Raft journal system pre-apply statemachine may cause inconsistency

adol001 commented 2 years ago

Alluxio Version: 2.7.2

Describe the bug If delete a file and pre-apply. But this log is rejected by most nodes in the high-availability cluster (the new leader is elected), then should this file be deleted?

In the comments of RaftJournalSystem, it is mentioned that

There are two cases to worry about: (1) incorrectly ignoring an entry and (2) incorrectly
applying an entry.
Entries can never be double-applied to a primary's state because as long as it is the primary, it
will ignore all entries, and once it becomes standby, it will completely reset its state and
rejoin the cluster.

But how to undo the applied state changes? For example, changes in ufs?

LuQQiu commented 2 years ago

@jenoudet @yuzhu PTAL, thanks

adol001 commented 2 years ago

In the comments of RaftJournalSystem, it is mentioned that

This could happen if a server thinks it is the primary, and ignores a journal entry served from
the real primary. To prevent this, primaries wait for a quiet period before serving requests.
During this time, the previous primary will go through at least two election cycles without
successfully sending heartbeats to the majority of the cluster. If the old primary successfully
sent a heartbeat to a node which elected the new primary, the old primary would realize it isn't
primary and step down. Therefore, the old primary will step down and no longer ignore requests by
the time the new primary begins sending entries.

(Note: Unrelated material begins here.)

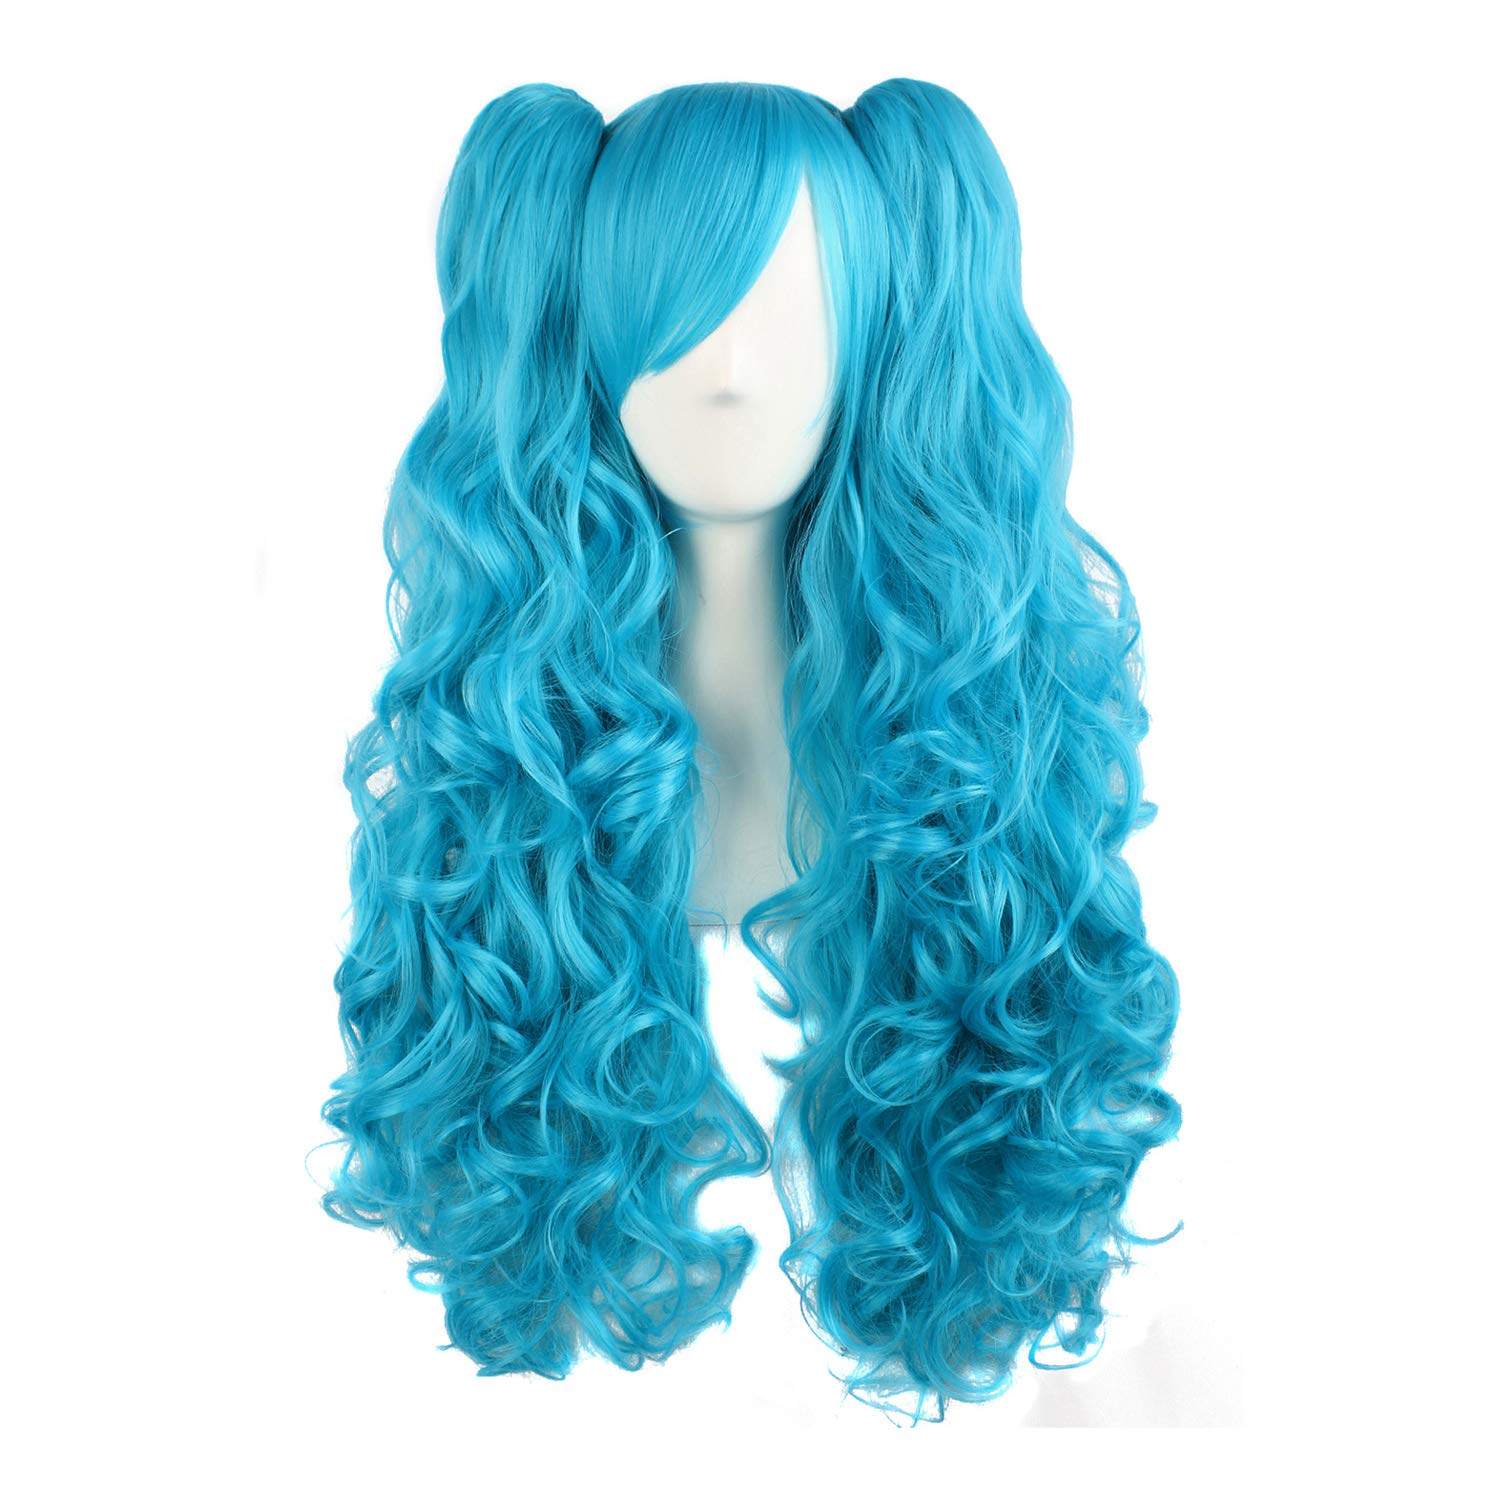 Price:$22.99    MapofBeauty 28"/70cm Lolita Long Curly Clip on Ponytails Cosplay Wig (Azure Blue)  Beauty
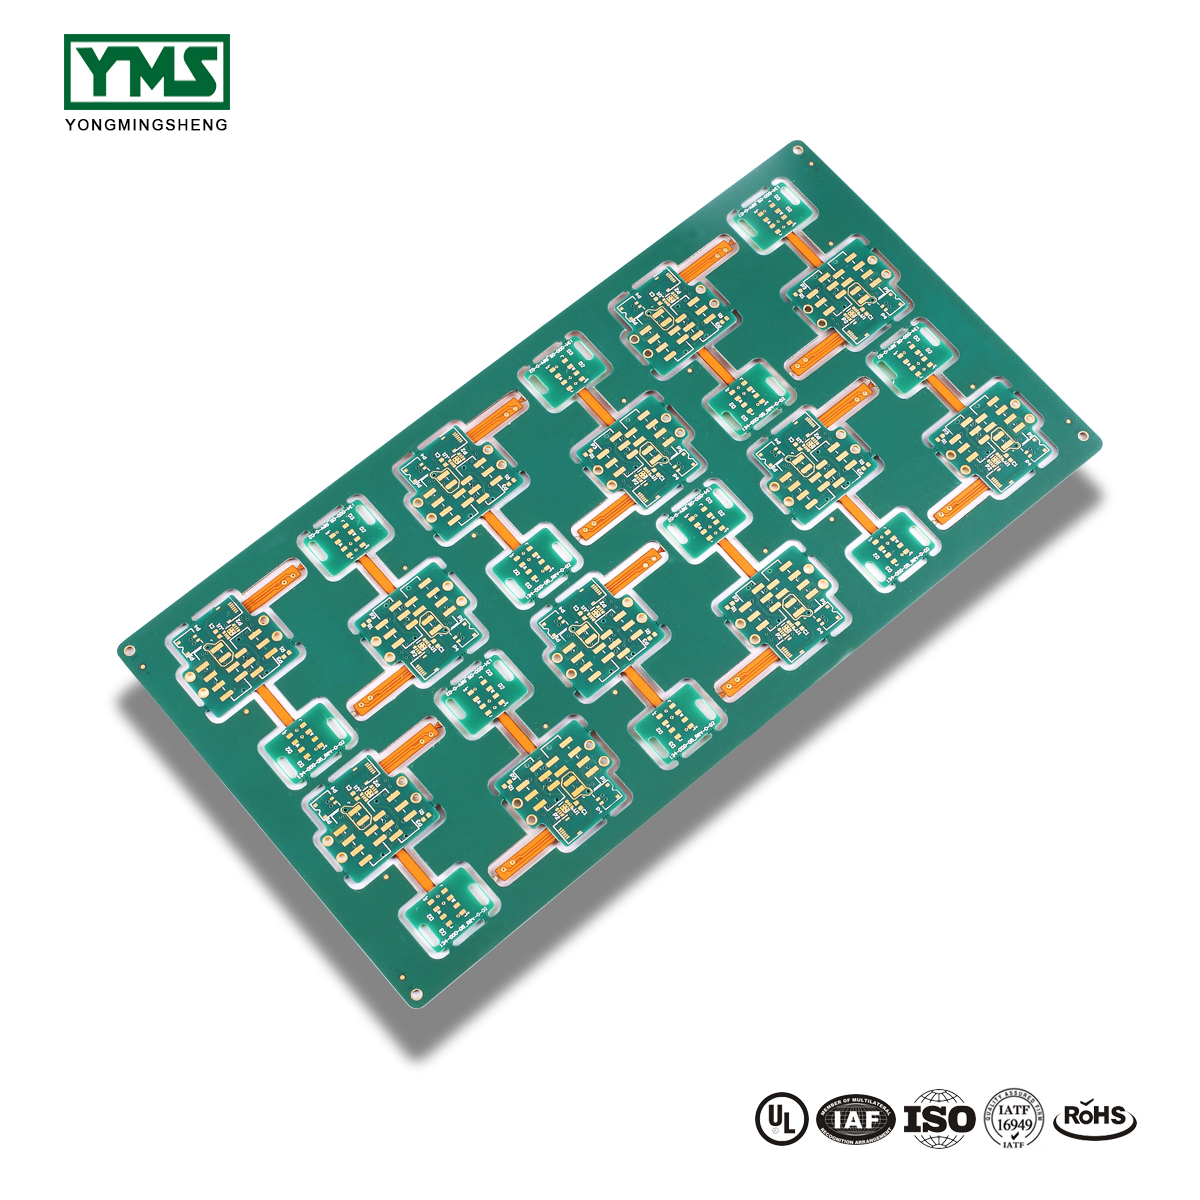 Special Price for Copper-Aluminum Composite Pcb - HDI Flex-Rigid Board | YMS PCB – Yongmingsheng

The network partition may cause multiple leaders. If the old leader is continuously unable to connect with the new leader and new leader's followers in the cluster, then the old leader always thinks that it is the leader. At this time, will the client connecting to the old leader and the client connecting to the new leader both complete the writing? Because of pre-apply.

jenoudet commented 2 years ago

But how to undo the applied state changes? For example, changes in ufs?

The Raft algorithm has built in mechanisms to revert changes on standby masters that have diverged from the quorum. See section 5.3 of the Raft paper.

The network partition may cause multiple leaders. If the old leader is continuously unable to connect with the new leader and new leader's followers in the cluster, then the old leader always thinks that it is the leader. At this time, will the client connecting to the old leader and the client connecting to the new leader both complete the writing? Because of pre-apply.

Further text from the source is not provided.